AND to top it all off, I phoned my friend Hannah and we had a nice long, fulfilling chat about everything. She’s coming to Germany at the end of April and we are planning a trip together, most likely France or Belgium. I am really, really excited. Should be a good time.

Sunday, March 11, 2007

Off to Berlin

Frau Förester is currently on her way to pick Keith and I up to go to a musical in Berlin. This will be my first musical experience besides 'Seseme Street' when I was just a young lad. I've already had a taste of the ballet this year and I doubt it could be worse than that.

Other than that, I've just made some pea soup and I am famished. Driving old people all day works up quite the hunger!

ps. work on the 'The Taming of the Kuh' is coming along quite nicely. Be afraid.


So, I am now reporting back here on the evening out. Wow. That is what I have to start with. The musical wasn’t so much of a musical, as it was a ‘euro-dancical’. I did not understand one thing that was going on, and it wasn’t because of my lacking German skills to say the least. It was called Rhythmus Berlin, and it was a musical about Berlin through the 20s to present (although they really didn’t go in any specific order when the play was going along to my dismay).

The dancical was 3 ½ hours long with a 15 minute break. That is a long time to still watching people dance and sing in a foreign language. By the end I was glad to be out, if not for that reason only.

I suppose it was okay, I’d give it a 6/10. There were some things in it that I liked, such as silly dancing Germans (silly is not in the German vocab), and there were some pretty good acrobatic scenes, lot of flips and whatnot. Not to mention there was a part with ballet Nordic –walkers, simply hilarious.

Overall, it was still nice to spend some time with the Föresters. It was nice of them to take us to Berlin for the afternoon for a bit of good culture.

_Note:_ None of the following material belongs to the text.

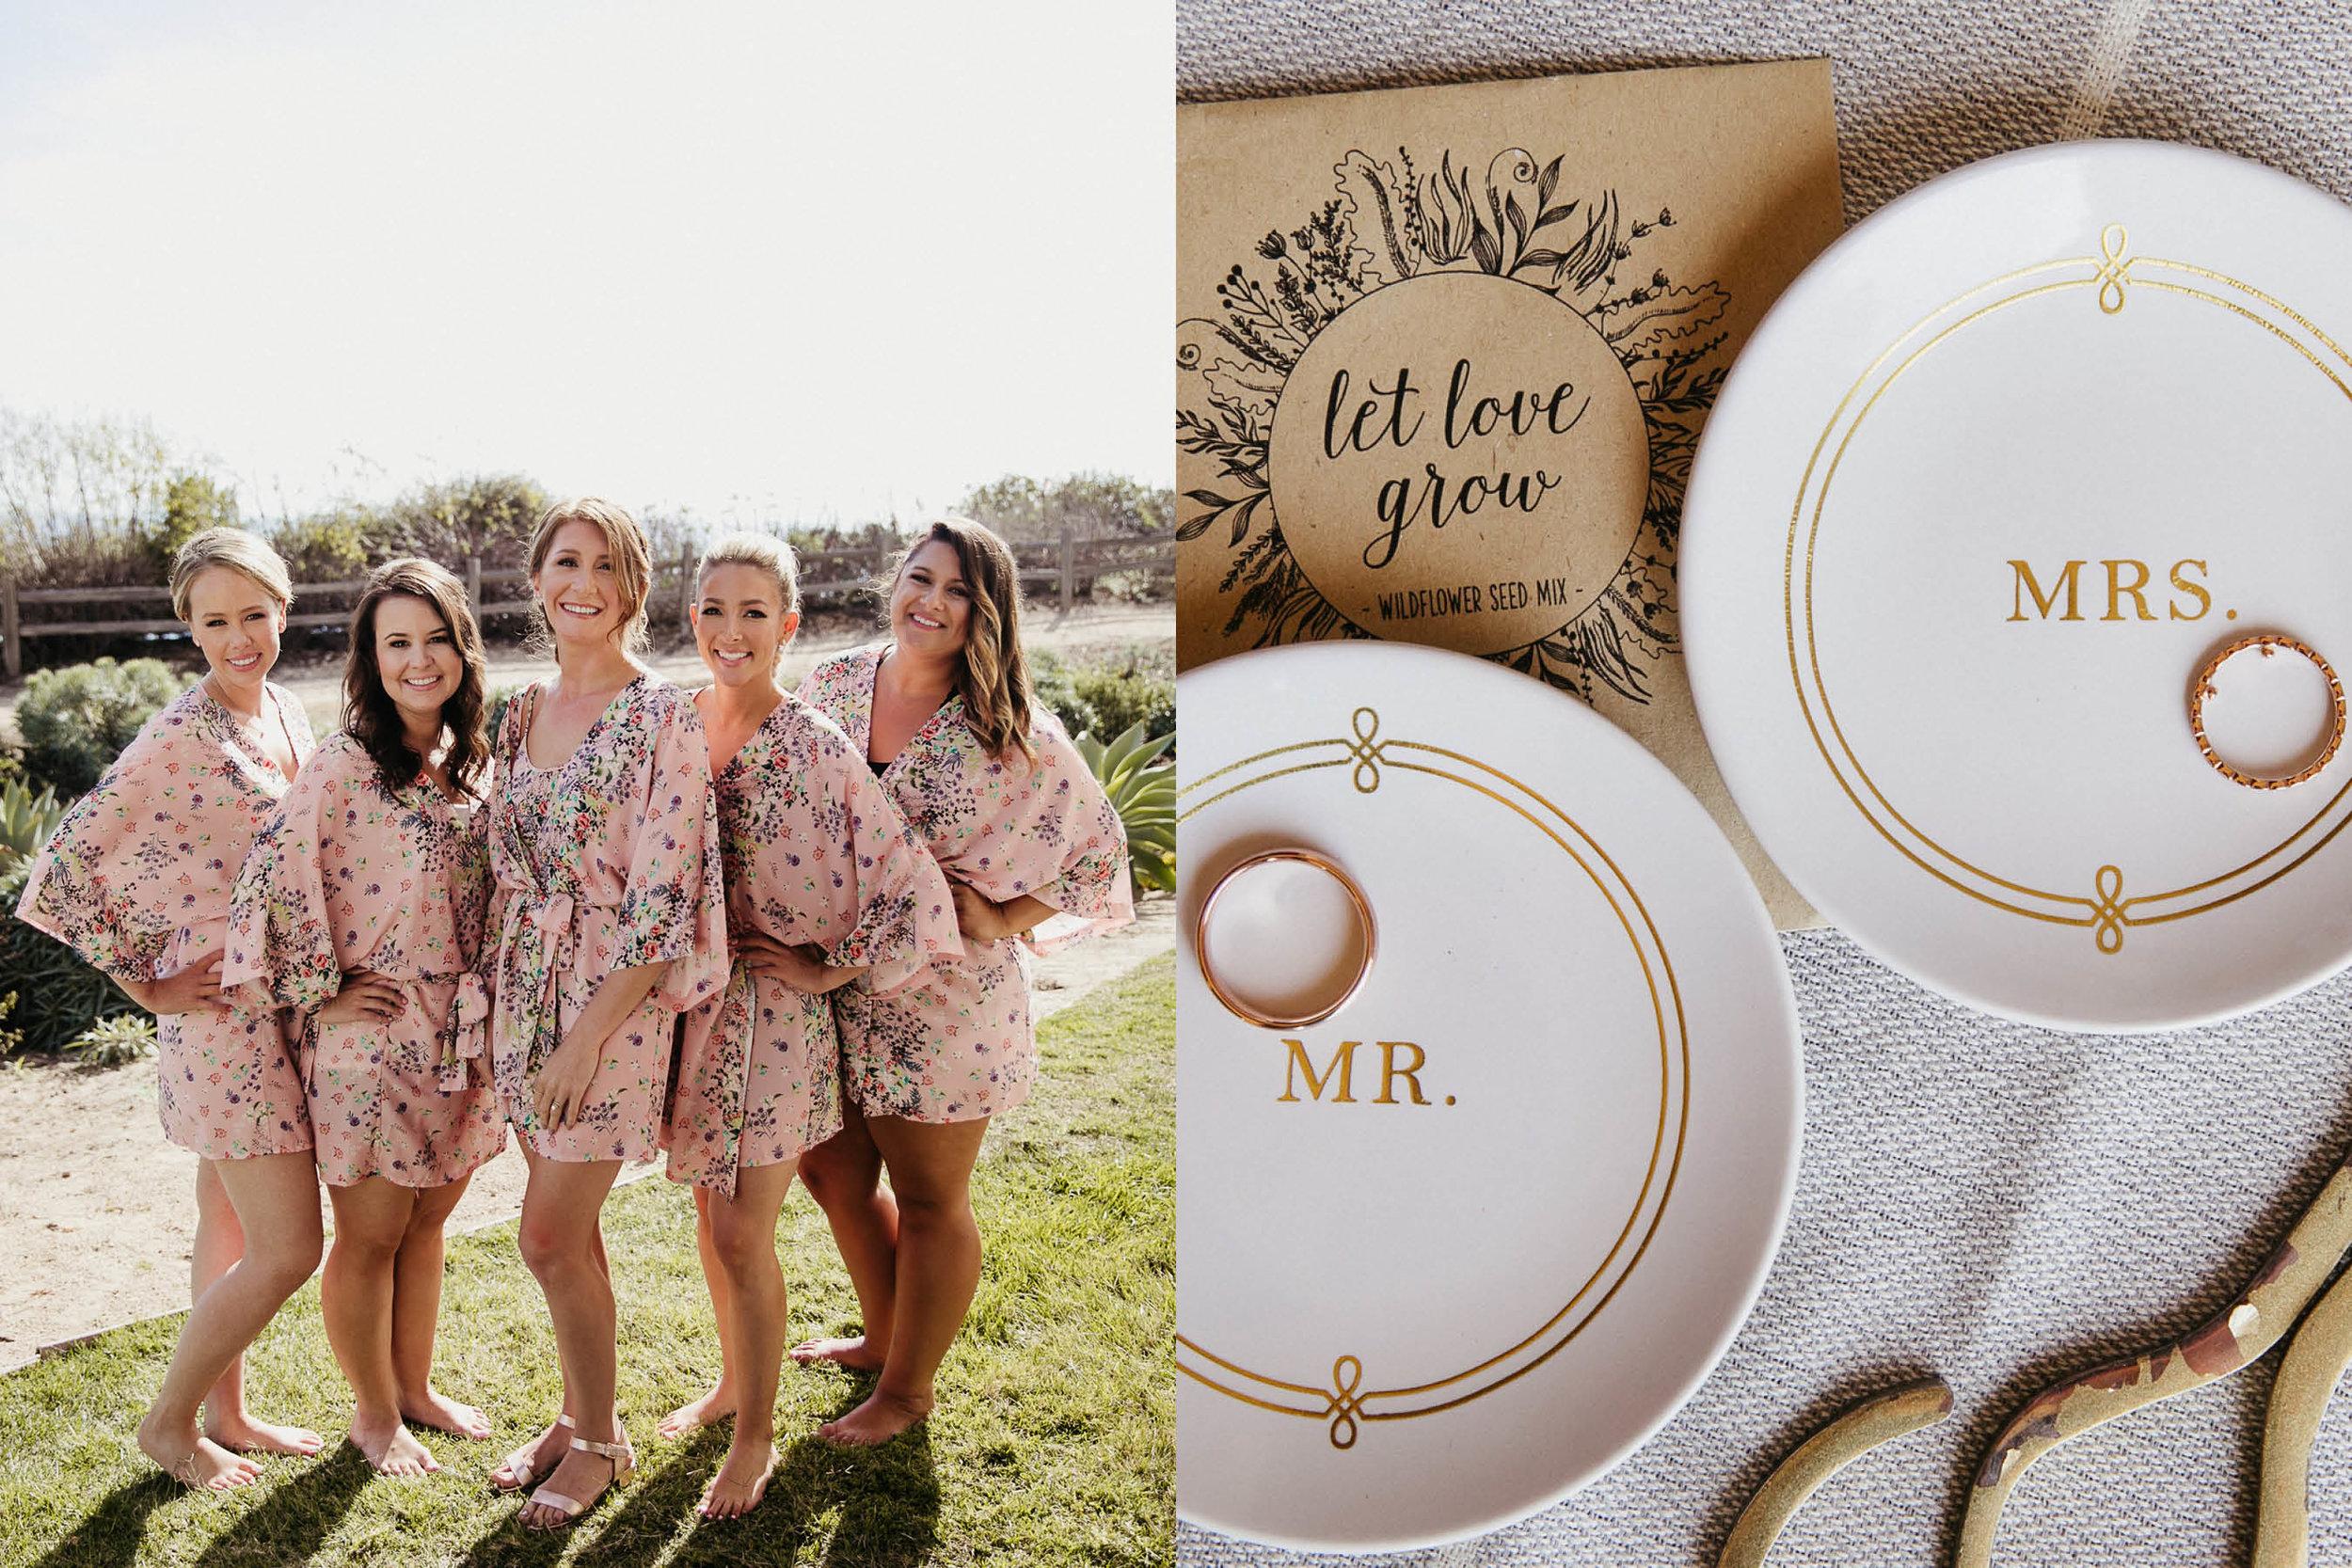 santa-barbara-elopement-wedding-planner-planning-coordinator-day-of-ellwood-bluff-ocean-front-view-bacara-resort-ritz-carlton-porsche-downtown (6).jpg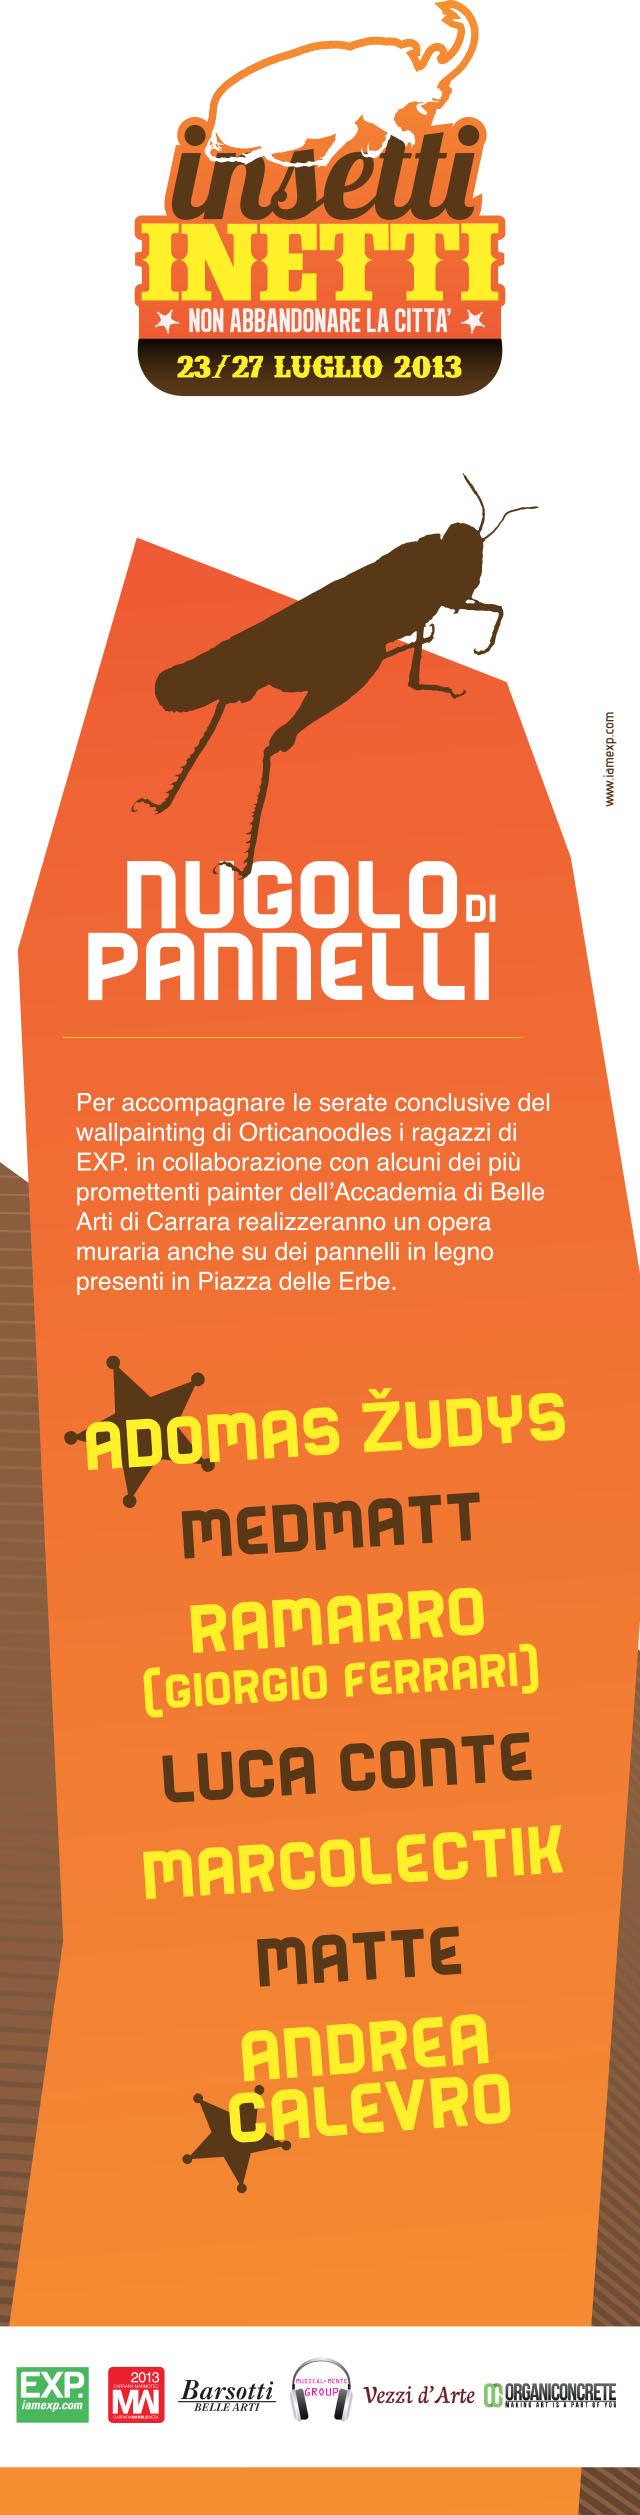 pannelli2013

They even gave us a bit of sekt that they had hiding in their trunk.

I give this day 3 stars out of 5. The story was lacking at times, but the graphics were sweet.

Thursday, March 08, 2007


Today is Thursday. Usually, Thursday is by far my favourite day of the week, but today was just more than a little strange. I really can’t think why though.

I woke up at 6:15am this morning; this is the earliest I have ever risen out of bed for work, with the exception of going to Blönsdorf with Keith. I really wanted to do a good job with English today. I was continuing my lesson of Insects to try and keep things interesting. I had been working on materials yesterday and I even went to Jüterbog to purchase some items that I was missing. By the end of everything, I still felt that it wasn’t enough.

I arrived at the Kindergarten and did my little ‘Englisch Spiel’. After the kids had effectively memorized 4 different kinds of bugs (spider, dragonfly, ladybug, etc) I helped them, with the assistance of the kid’s teacher, make their own bug out of cardboard and just about every wacky thing that you could glue or staple onto it. Over all, the kids really enjoyed it, but I still felt really horrible at the end of it. I had spent a lot of time on this and it still felt really sub-par.

I have been having that feeling a lot lately, that everything I do here is really sub-par. I can’t work at a level I know that I’m capable of and I’m finding it really frustrating. I don’t feel useful here, I guess is what I’m really getting at. That really bothers me because I feel that my life here is sometimes just a big waste of time. I like feeling that I make a difference and I can’t say that what I do is really all that important. I suppose that is what Intermenno said life would be like here sometimes. We exchange our time doing jobs that are sometimes not the most gratifying for the opportunity to experience something real.

I have had too much time on my hands lately, and not enough things to vent out my excess energy. I’m all out of books, the TV is broken, I can’t really afford to go anywhere, so I find myself looking for things to do every night and at the end of it all the only thing to do is go to bed. Or write in my blog.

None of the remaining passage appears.